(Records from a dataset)

--- START ---

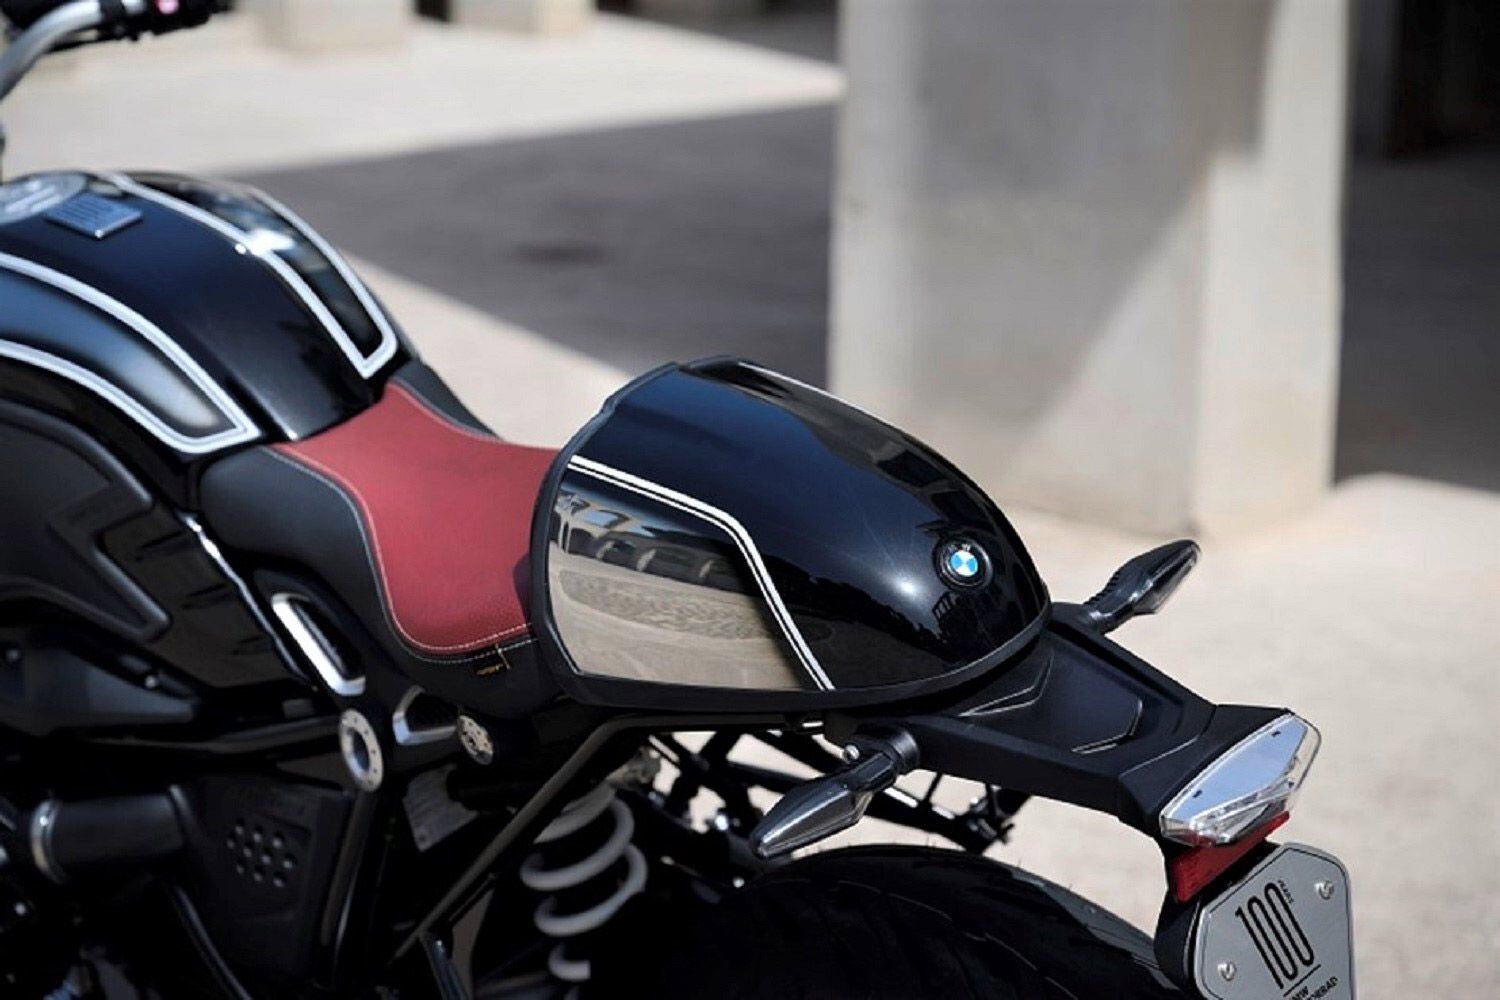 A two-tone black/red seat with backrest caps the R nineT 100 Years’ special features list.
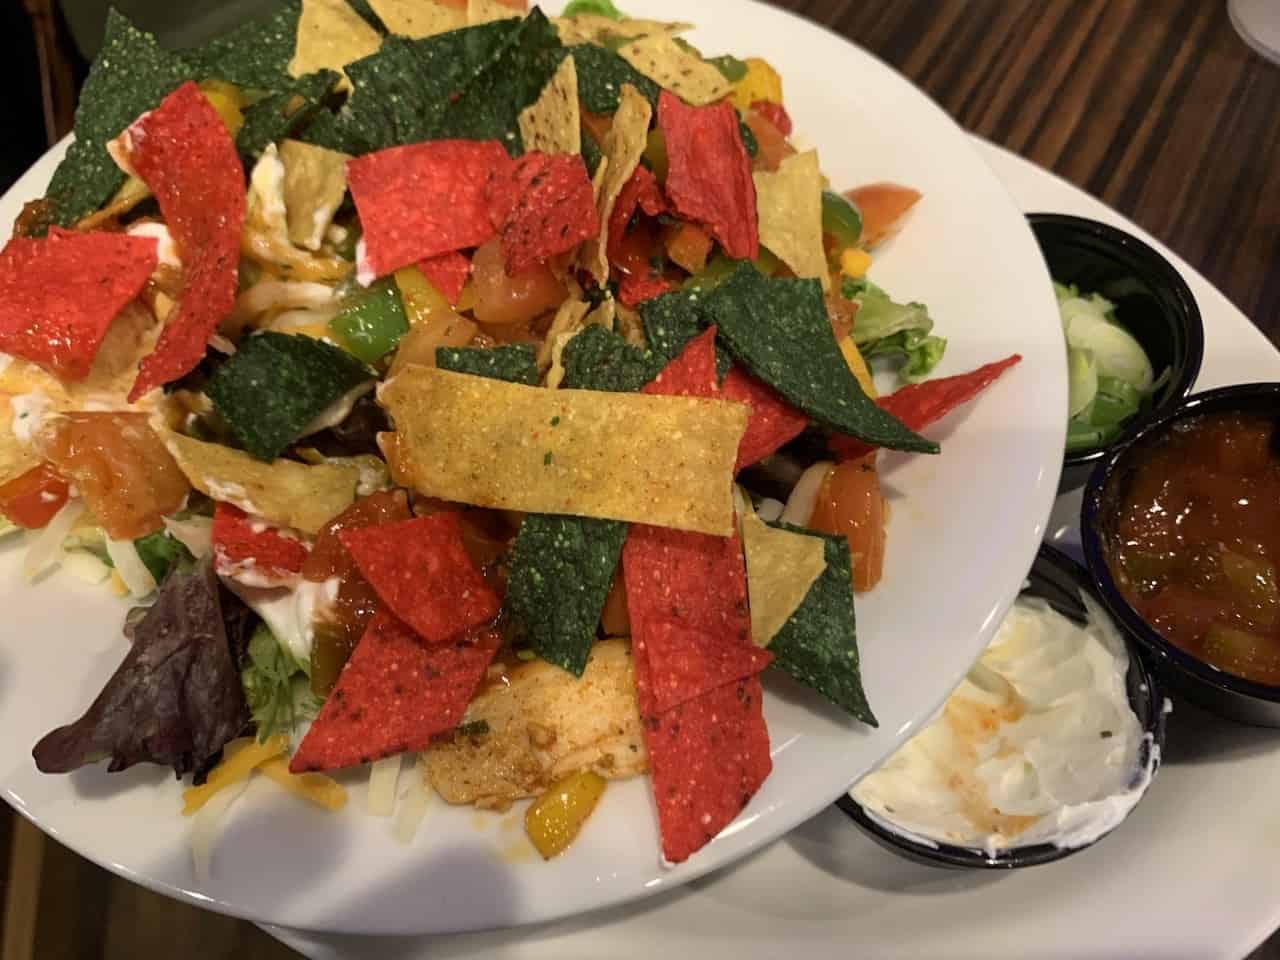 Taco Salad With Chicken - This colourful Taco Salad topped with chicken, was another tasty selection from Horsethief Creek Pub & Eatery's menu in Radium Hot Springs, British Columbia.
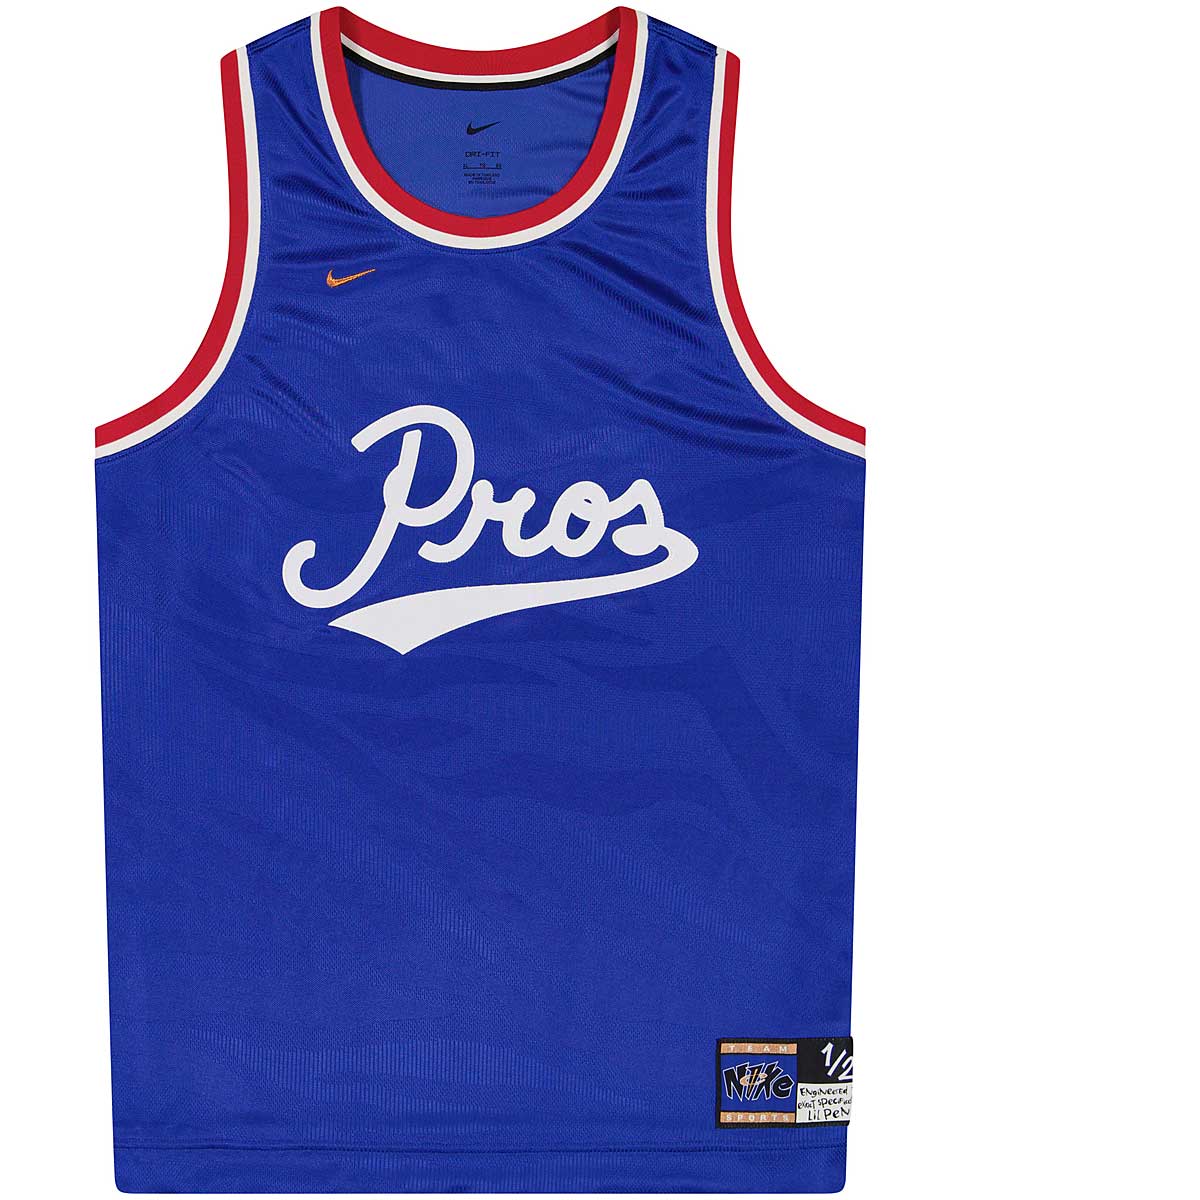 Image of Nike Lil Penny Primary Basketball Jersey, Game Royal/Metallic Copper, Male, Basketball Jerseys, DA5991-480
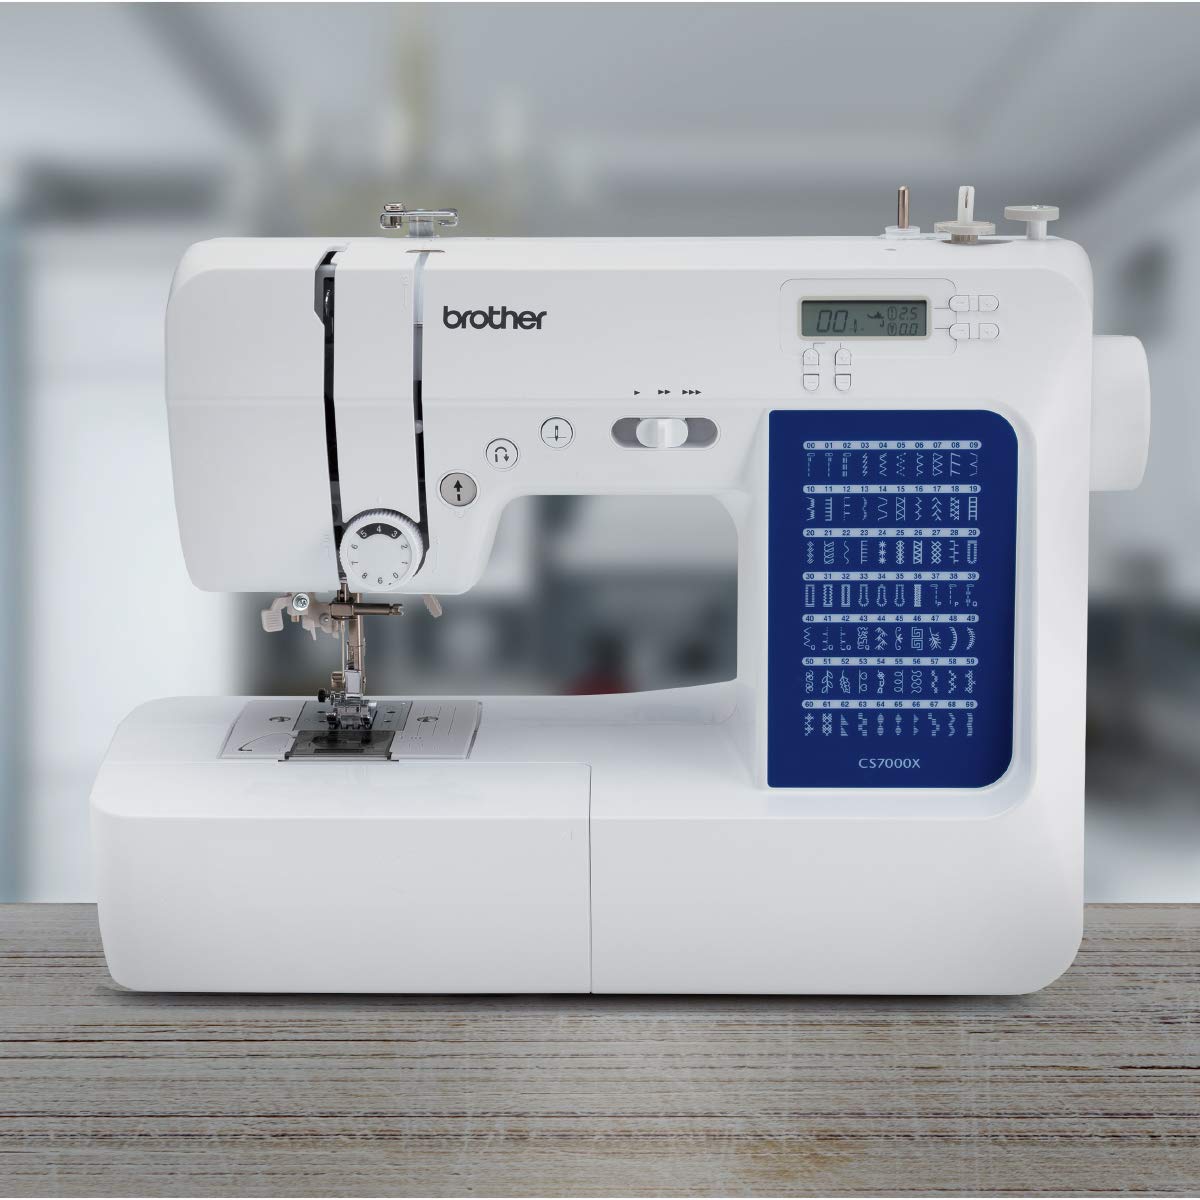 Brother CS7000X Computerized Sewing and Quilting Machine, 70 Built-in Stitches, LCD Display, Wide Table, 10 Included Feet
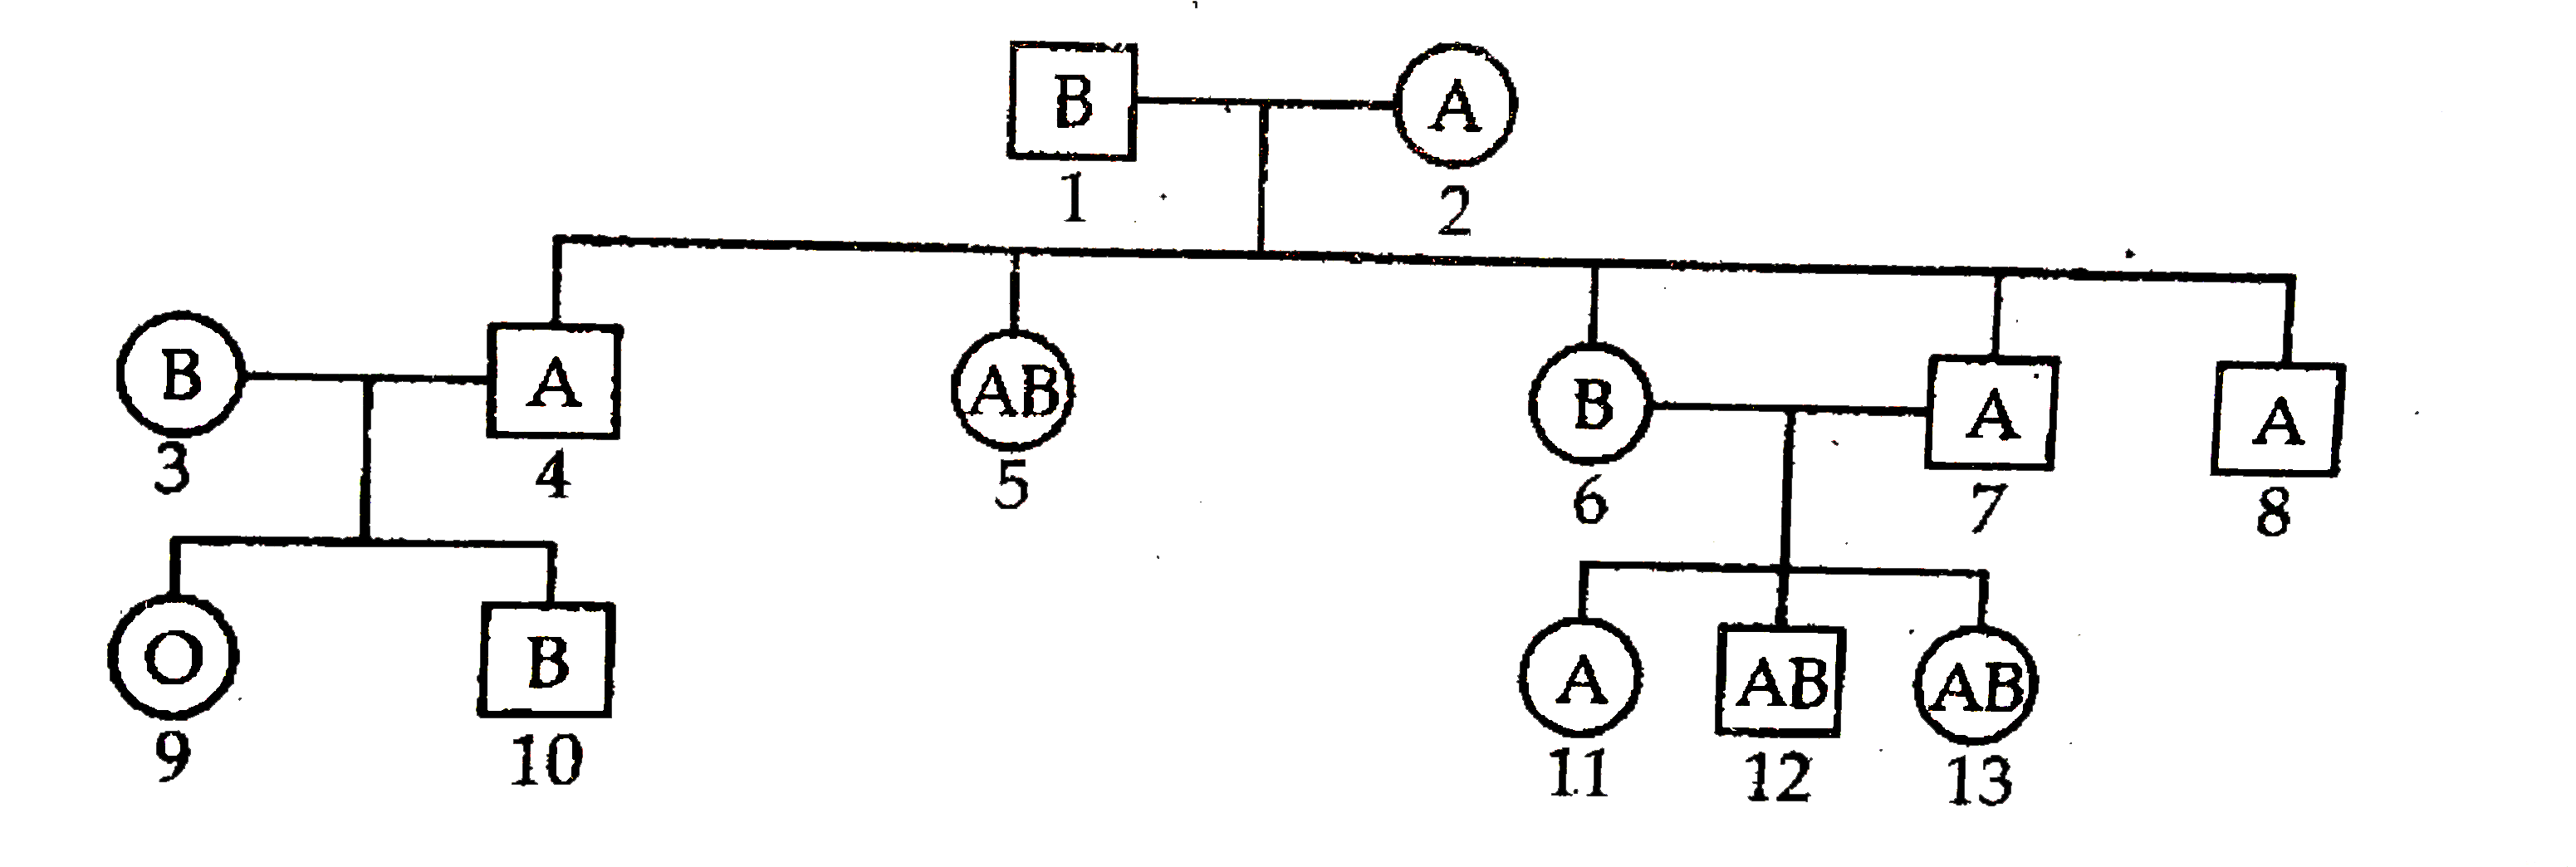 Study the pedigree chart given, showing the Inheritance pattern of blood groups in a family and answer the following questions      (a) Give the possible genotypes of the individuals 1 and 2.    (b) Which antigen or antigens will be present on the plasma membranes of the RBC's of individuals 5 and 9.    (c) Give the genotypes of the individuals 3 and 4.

--- END ---

Work instruction
Set down the entries above exactly; no pictures belong in the copy.

Answer to the problem
 A two-tone black/red seat with backrest caps the R nineT 100 Years’ special features list.
 Taco Salad With Chicken - This colourful Taco Salad topped with chicken, was another tasty selection from Horsethief Creek Pub & Eatery's menu in Radium Hot Springs, British Columbia.
 Image of Nike Lil Penny Primary Basketball Jersey, Game Royal/Metallic Copper, Male, Basketball Jerseys, DA5991-480
 Brother CS7000X Computerized Sewing and Quilting Machine, 70 Built-in Stitches, LCD Display, Wide Table, 10 Included Feet
 Study the pedigree chart given, showing the Inheritance pattern of blood groups in a family and answer the following questions      (a) Give the possible genotypes of the individuals 1 and 2.    (b) Which antigen or antigens will be present on the plasma membranes of the RBC's of individuals 5 and 9.    (c) Give the genotypes of the individuals 3 and 4.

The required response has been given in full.